当前位置:网站首页>Review the executor from the perspective of application submission
Review the executor from the perspective of application submission
2022-06-22 16:57:00 【ZH519080】
from Application From the perspective of submission Executor, Decrypt Executor When was it started and Executor How to give the result to Application.
Executor When to start
SparkContext After starting , Direct instantiation createTaskScheduler Method ,createTaskScheduler After completion , call TaskScheduler Of start Method , What's actually called is TaskSchedulerImpl Of start Method , stay TaskSchedulerImpl Of start Method implementation SparkDeploySchedulerBackend(spark2.0 Later renamed StandaleSchedulerBackend) Of start Method .SparkDeploySchedulerBackend Of start method commend Package registered to Master,Master Turn around Worker Start specific Executor,command The instructions have been encapsulated ,Executor Specifically, start the process entry class CoarseGrainedExecutorBackend. And then call new() Function to create a AppClient,AppClient One of them is called ClientEndpoint The inner class of , Creating ClientEndpoint When it comes to Command To specify the specific..., which is launched for the current application Executor The name of the entry class for is CoarseGrainedExecutorBackend.ClientEndpoint Inherited from ThreadSafeRpcEndpoint, It is through RPC Mechanism completion and Master Communication for . stay ClientEndpoint Of start In the method , Will pass registerWithMaster Method direction Master send out RegisterApplication request ,Master After receiving the request message , First, through registerApplication Method to complete information registration , Then call schedule Method , stay Worker Start the Executor( Detailed view Master-Driver and Worker-Executor Anatomy chapter ).

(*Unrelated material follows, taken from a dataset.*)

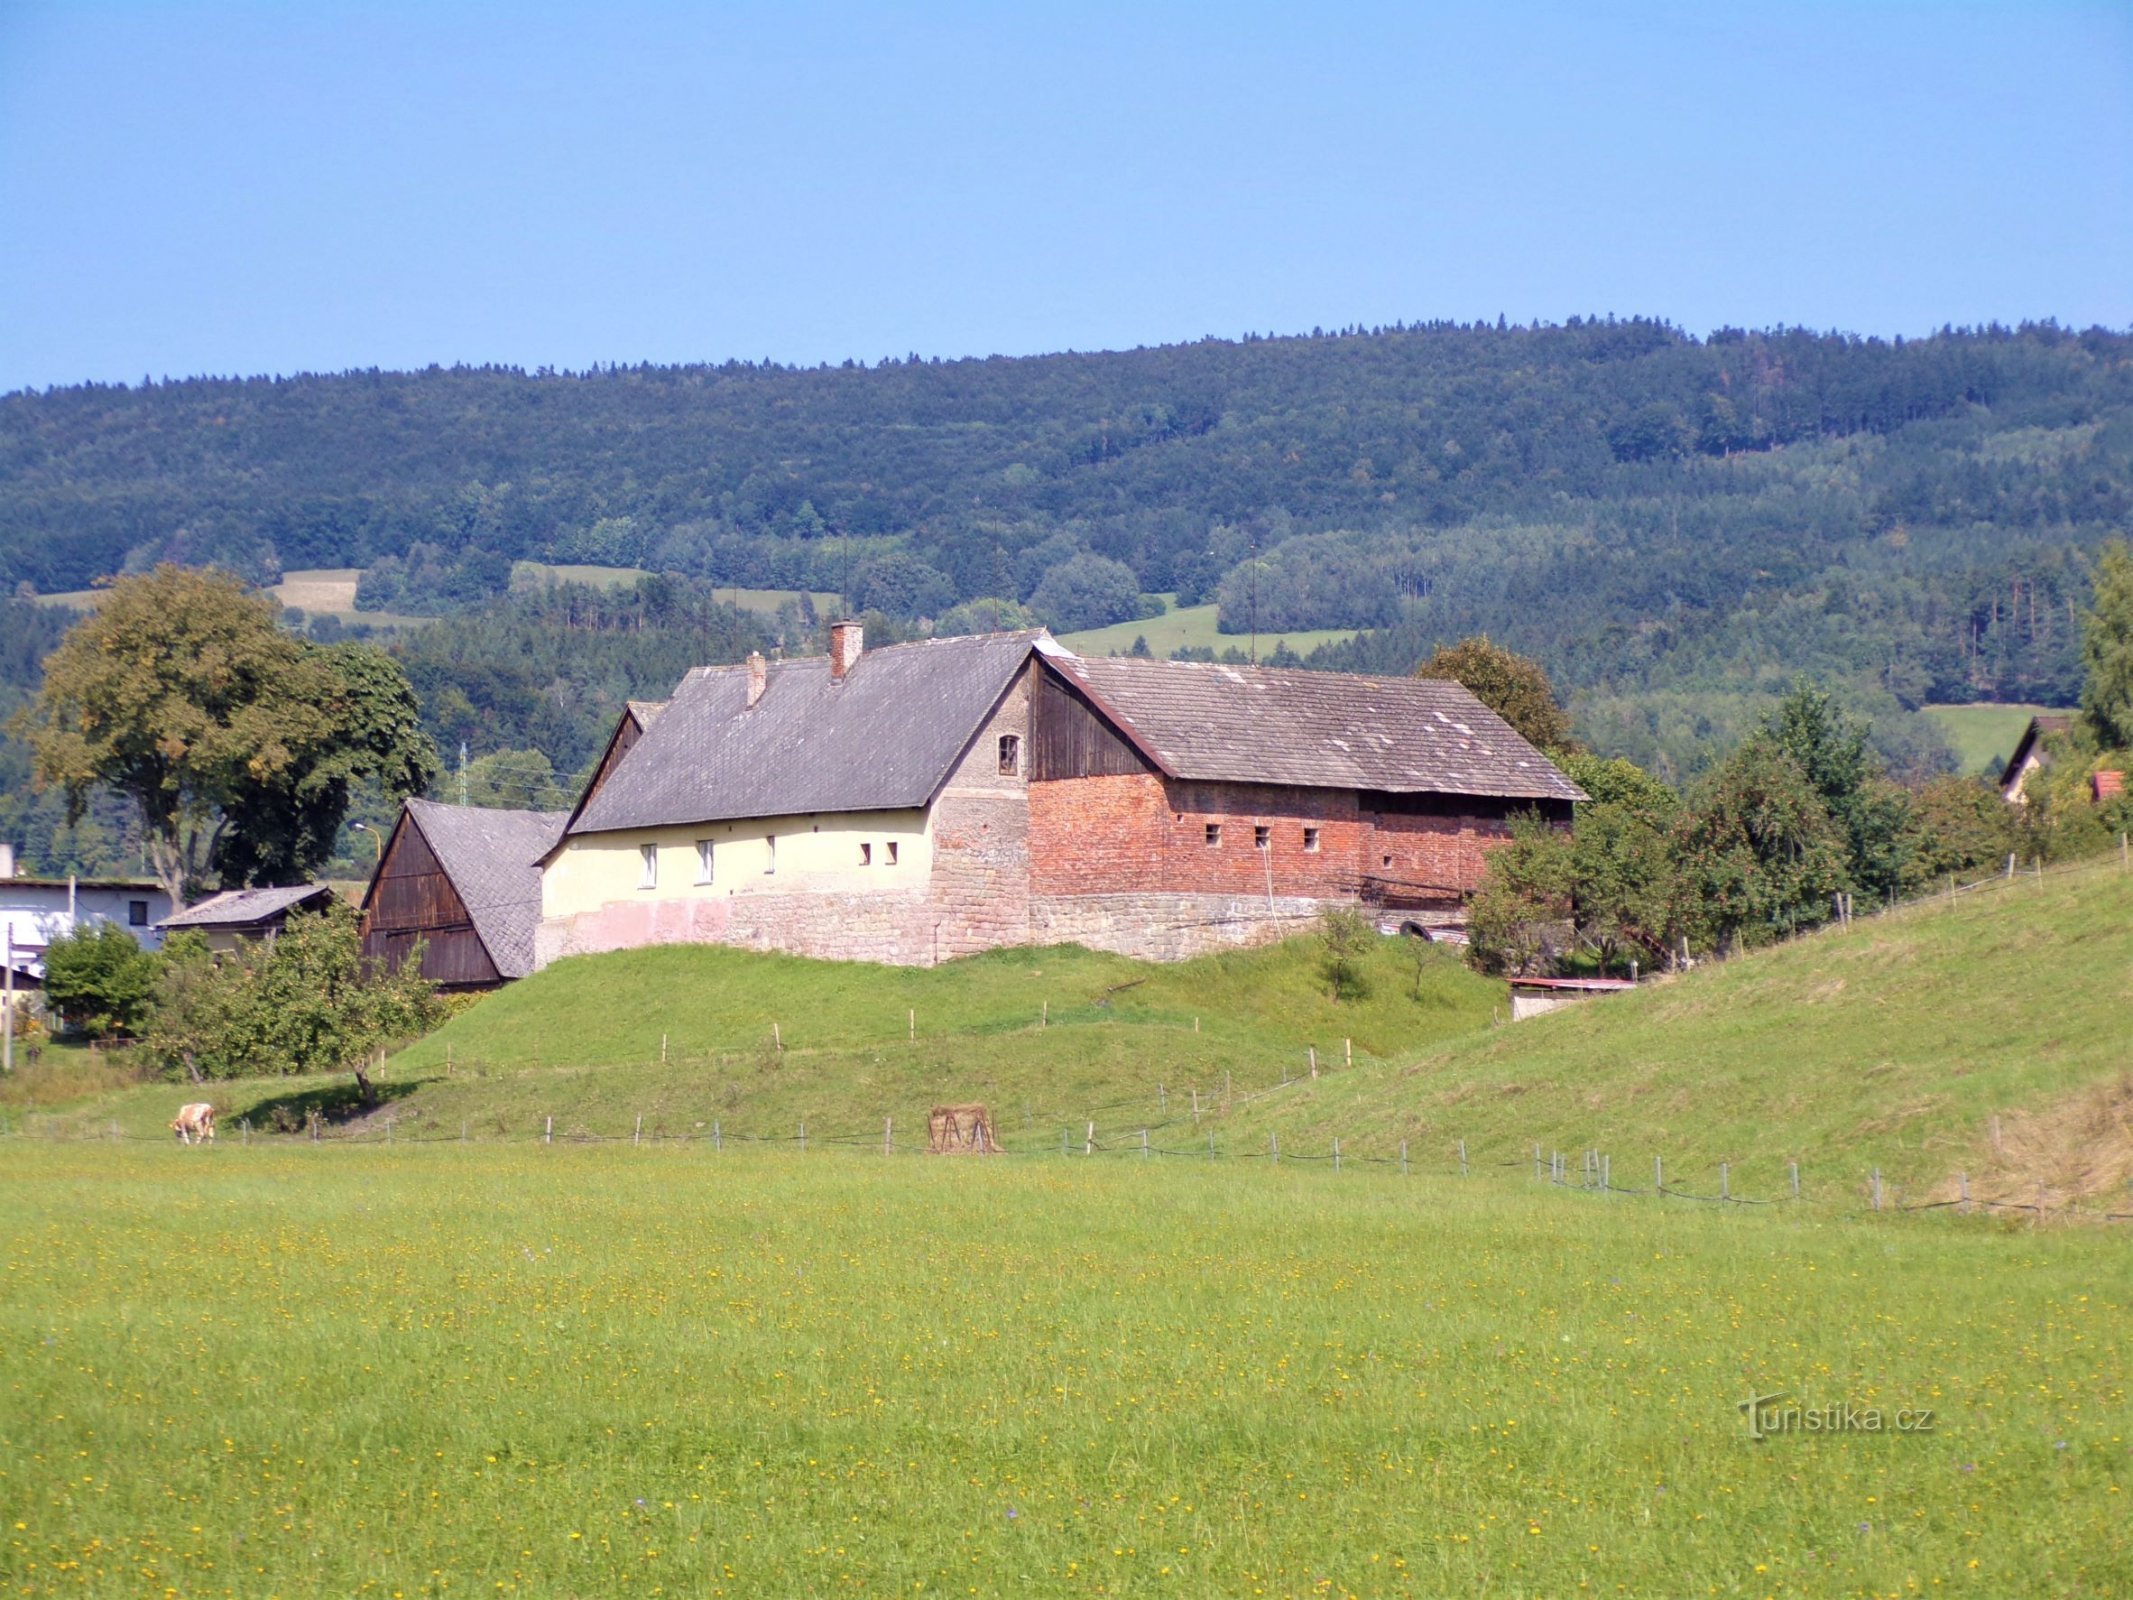 Estate No. 242 on the site of a former fortress (Velké Svatoňovice, 6.9.2021/XNUMX/XNUMX)

override def receive: PartialFunction[Any, Unit] = { ......
case RegisterApplication(description, driver) => {
if (state == RecoveryState.STANDBY) {
} else {val app = createApplication(description, driver)
registerApplication(app)
persistenceEngine.addApplication(app)
driver.send(RegisteredApplication(app.id, self))
schedule()}
}
......}Master Match received RegisterApplication request , First judge Master Is it STANDBY( spare ), If not, it is ALIVE state , call createApplicaton Method creation applicationInfo, hold applicationInfo Information through registerApplication Method to register , adopt persistenceEngine.addApplication Method to persist , Upon completion driver.send Method direction AppClient Return the information of successful registration .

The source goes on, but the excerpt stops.